Calculates non linear regression models by performing an iterative grid search within the coordinate bounds provided by lower and upper vectors, starting at start_lower and start_upper. Intermediate models are scored by the AIC value until convergence has been achieved as to the defaults of nls.multstart.

flip(
  projectDir = getwd(),
  plotFormat = "png",
  filePattern = "*_fip.tsv",
  dataPlots = TRUE,
  minPrecursorCollisionEnergy = 0,
  start_lower,
  start_upper,
  lower,
  upper,
  trainModel = FALSE,
  minDataPoints = 0,
  max_iter = 500
)

Arguments

projectDir

the path to the project directory containing the '_fip.tsv' files as input.

plotFormat

the plot format, as supported by ggplot2::ggsave.

filePattern

the file pattern for 'fip' files.

dataPlots

whether data plots (diagnostics) should be created.

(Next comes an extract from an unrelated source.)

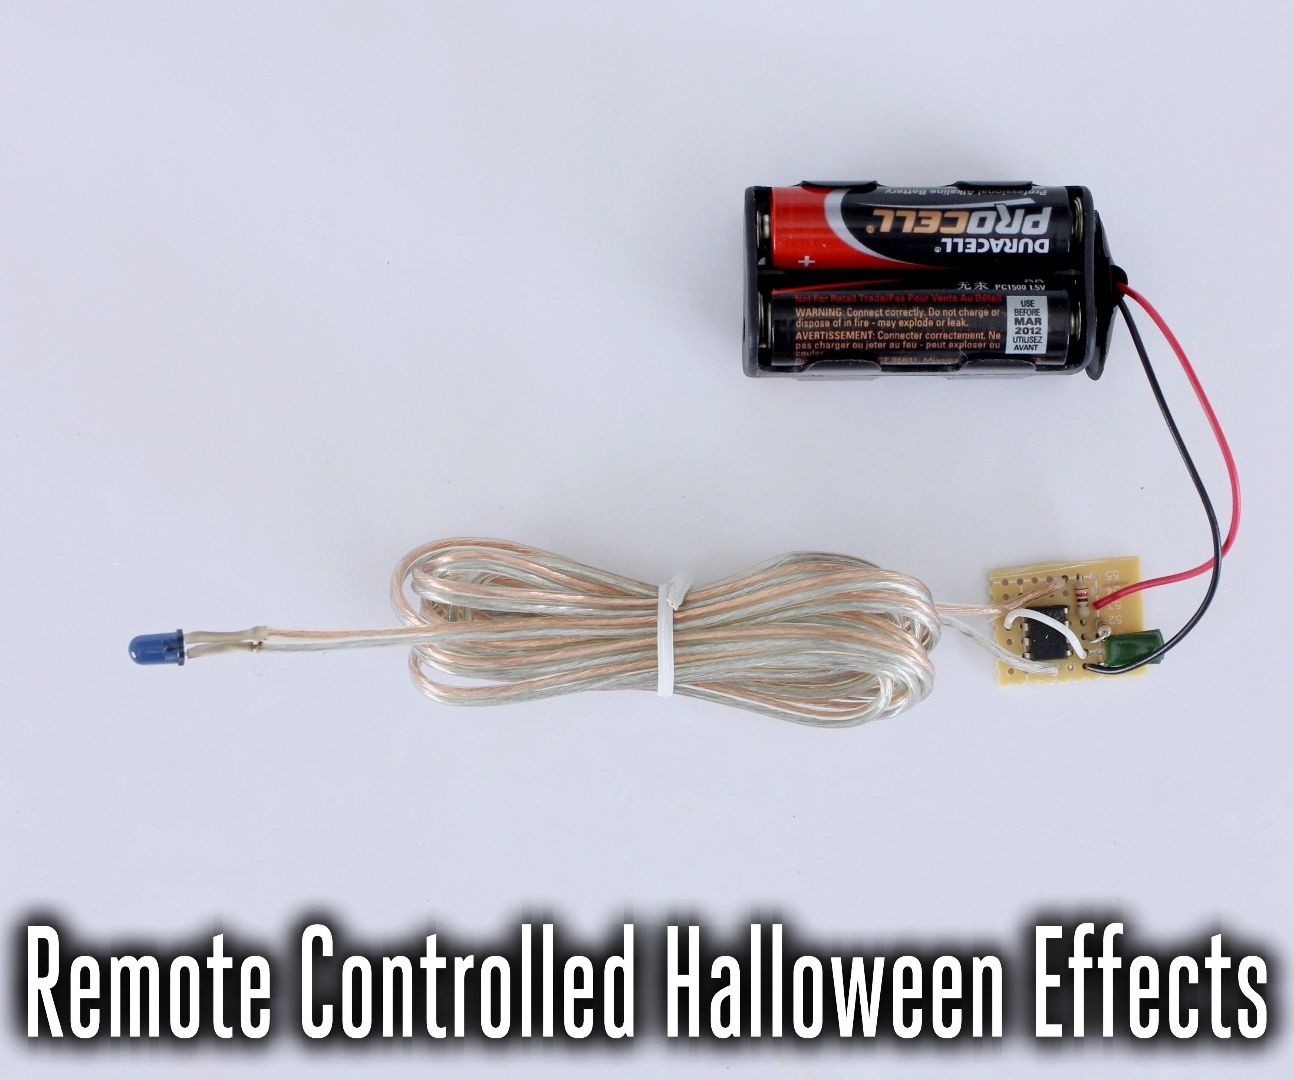 Controlling Halloween Effects With DIY Infrared Remote Controls

minPrecursorCollisionEnergy

the minimum precursor collision energy to consider for model training.

start_lower

the lower bound to start the parameter grid search, argument is passed to nls_multstart.

start_upper

the upper bound to start the parameter grid search, argument is passed to nls_multstart.

lower

the lower bound for the parameter estimates, argument is passed to nlsLM.

upper

the upper bound for the parameter estimates, argument is passed to nlsLM.

trainModel

whether the model should be calculated.

minDataPoints

the minimum number of data points required per fragment / adduct / ppm combination to be considered for model calculation.

max_iter

the number of combinations for grid expansion starting parameters.

Value

The list of fit tables which includes in named element name the input file name for the model data, in named element fits a list with the named elements fits (nonlinear fits), params (parameters), CI (confidence intervals for params), preds (immediate predictions), nls.tibble.unfiltered (unfiltered input data), nls.tibble (data for calculation of fits), and preds_from_data (predictions from equidistantly resampled x-value range).